The neuronal ceroid lipofuscinoses (NCLs), or Batten disease, are a heterogeneous group of lysosomal storage disorders that includes, among others, the neuronal CLN2 disease. Patients with this condition, which affects primarily the nervous system, typically develop initial symptoms – recurrent seizures (epilepsy) and difficulty coordinating movements (ataxia) – between ages 2 and 4 years.
“Over the past decade, there have been improvements in the understanding of the underlying pathophysiology of NCLs, development of reliable animal models, and therapeutic success in these animal models,” authors wrote. However, “it is important to gain further insight into the etiology of CLN2 disease as more trials are set up and treatments become available.”
Most important, the study says, an early diagnosis is critical because, from disease onset to its diagnosis, significant damages might occur. Moreover, early treatment was shown to improve disease outcomes in animal models. There currently is a lack of reliable disease markers and the access to diagnostic testing is still rather limited in some areas, hampering early diagnosis.

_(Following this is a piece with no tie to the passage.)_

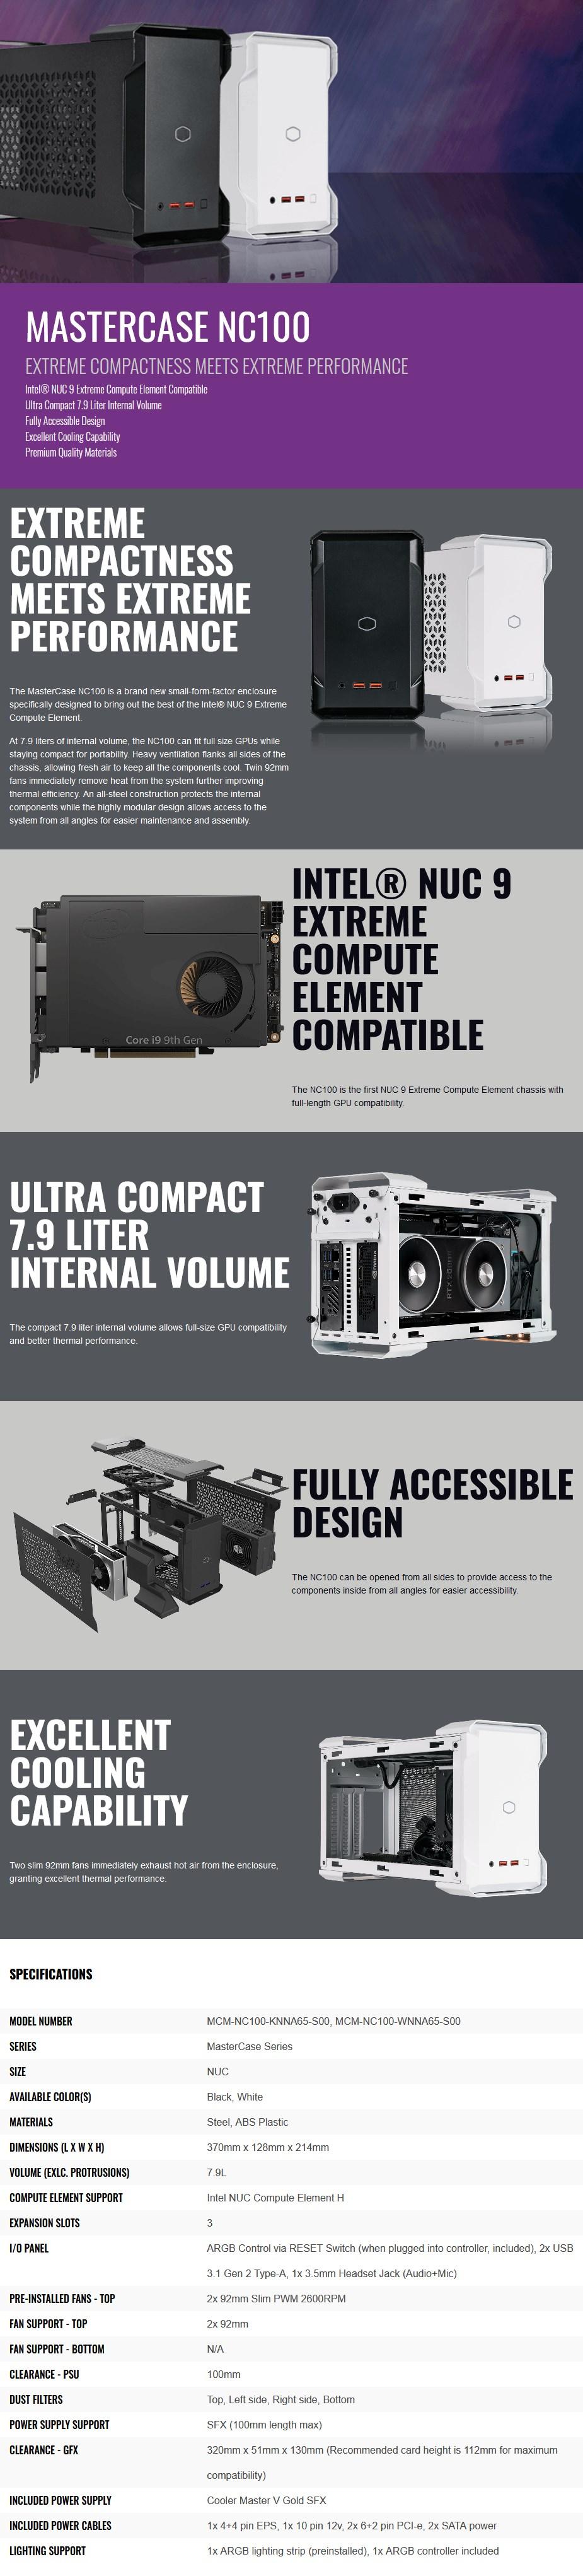 cooler-master-mastercase-nc100-compact-case-black-ac36476-13.jpg

Now, authors aimed to identify early clinical, magnetic resonance imaging (MRI), and electroencephalography (EEG) characteristics, to allow an early diagnosis of CLN2 disease. A particular feature of EEG, a technique used to track and record brain wave patterns, previously was suggested as a good indication for NCL diagnosis. That is called the photoparoxysmal response (PPR), also known as photosensitivity.
Authors performed a retrospective clinical review of 14 patients diagnosed with CLN2 disease, from 2005 to 2015, at the Bambino Gesu Children’s Hospital in Rome, Italy. The median age at disease onset was 3.0 years, and diagnosis usually was confirmed at about 4 years old.
Authors reviewed patients’ data regarding clinical, MRI, and EEG parameters. The early clinical characteristics of patients with CLN2 disease included epilepsy, delayed speech, regression of acquired milestone skills, and balance disorders.
The analysis showed that early photosensitivity (typically at low stimulation frequencies of 1-3 hertz) indicated a diagnosis of CLN2 disease. Photosensitivity was present in 43% of the patients from their first EEG, performed at about 3 years old. Its presence was well-detected in low (1-3 Hz) stimulation frequencies and was displayed as a flash-per-flash response in 69% of the patients. Additionally, analyzing the data for MRI, authors detected cerebellar atrophy in all of the patients, as well as alterations to the brain’s white matter. These alterations were detected in their first MRI, performed at 4 years of age.
Overall, the results suggest that, “early photosensitivity (typically PPR at low stimulation frequencies of 1-3 Hz) is a hallmark of CLN2 disease. This diagnosis should be considered in a child presenting with any type of seizure, and particularly if it is accompanied by delayed speech and/or ataxia or MRI abnormalities (posterior white matter signal alteration or cerebellar atrophy),” the study authors concluded.